Старик в восторге сжал его руку.
— Ты прав, Микеланджело! Божественный Кверча! Я хорошо знал Якопо, он часто бывал у меня: это был великий художник, и оттого-то после его смерти здесь особенно чувствовалась пустота…
— Но у вас был здесь Никколо Пульо…
Лицо старика болезненно сморщилось.
— Году нет, как умер дорогой мой Никколо Антонио, я держал его руки в час кончины, и дело его осталось неконченым. В Болонье ваятели скоро умирают… Но ты нет, ты нет, Микеланджело! — поспешно прибавил он, словно успокаивая. — Ты останешься очень надолго среди нас…

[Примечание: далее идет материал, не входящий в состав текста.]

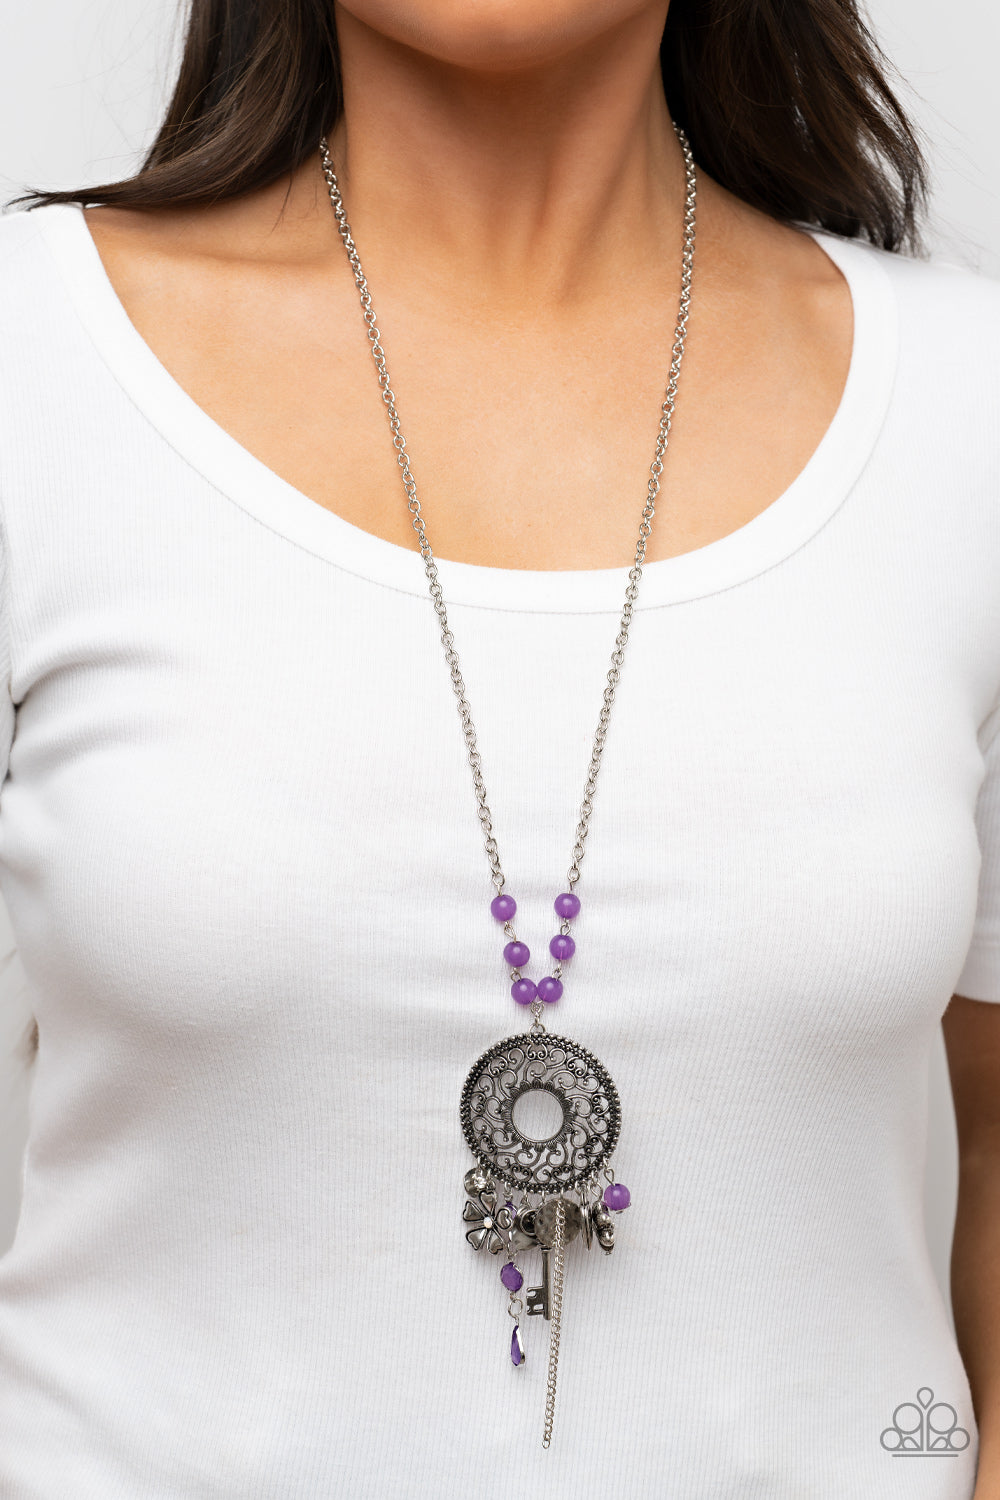 Trinket Necklace 2 Purple · A Chain Necklace · Jewelry Making on

Сперва послышались шаги, потом появилась тень, но шагов тени не было слышно, а прервал их беседу человек. Лоренцо Коста вернулся — в одежде, пропитавшейся сыростью, и с взглядом, в котором любопытство было смешано с досадой. Видя волненье старика, бледный румянец его сухих щек и возбужденный взгляд, он с тем большим вниманием посмотрел на юношу, который сделал легкий поклон. Альдовранди взял обе руки того и другого, соединил их и, не в силах превозмочь своего волнения, сказал:
— Если б дочь Юпитера, дева Минерва, если б Аполлон были свидетелями этой минуты! Посмотри, Коста, какого узника я освободил! Знаешь, чью руку ты жмешь? Это — Микеланджело Буонарроти, флорентиец, только что приехал из Венеции, чтоб украсить Болонью своими бессмертными твореньями! Тот самый, которого бесценный Лоренцо Маньифико любил больше, чем всех других художников! Это — Микеланджело Флорентинус, покинувший неблагодарную родину, чтобы отныне посвящать дары своего божественного духа Болонье. А ты, Микеланджело, знай, что держишь руку знаменитейшего феррарского живописца Лоренцо Косты, который создал нам здесь чудеса искусства. Это — Коста, artifex egregius praeclarus, omni laude pictor dignissimus[66]. А теперь, друзья, уйдемте отсюда, забудем про эти места. Знай, что с этой минуты Микеланджело — мой гость. Проводи нас, а завтра утром приходи и покажи ему Болонью, — все, что у нас тут самого прекрасного!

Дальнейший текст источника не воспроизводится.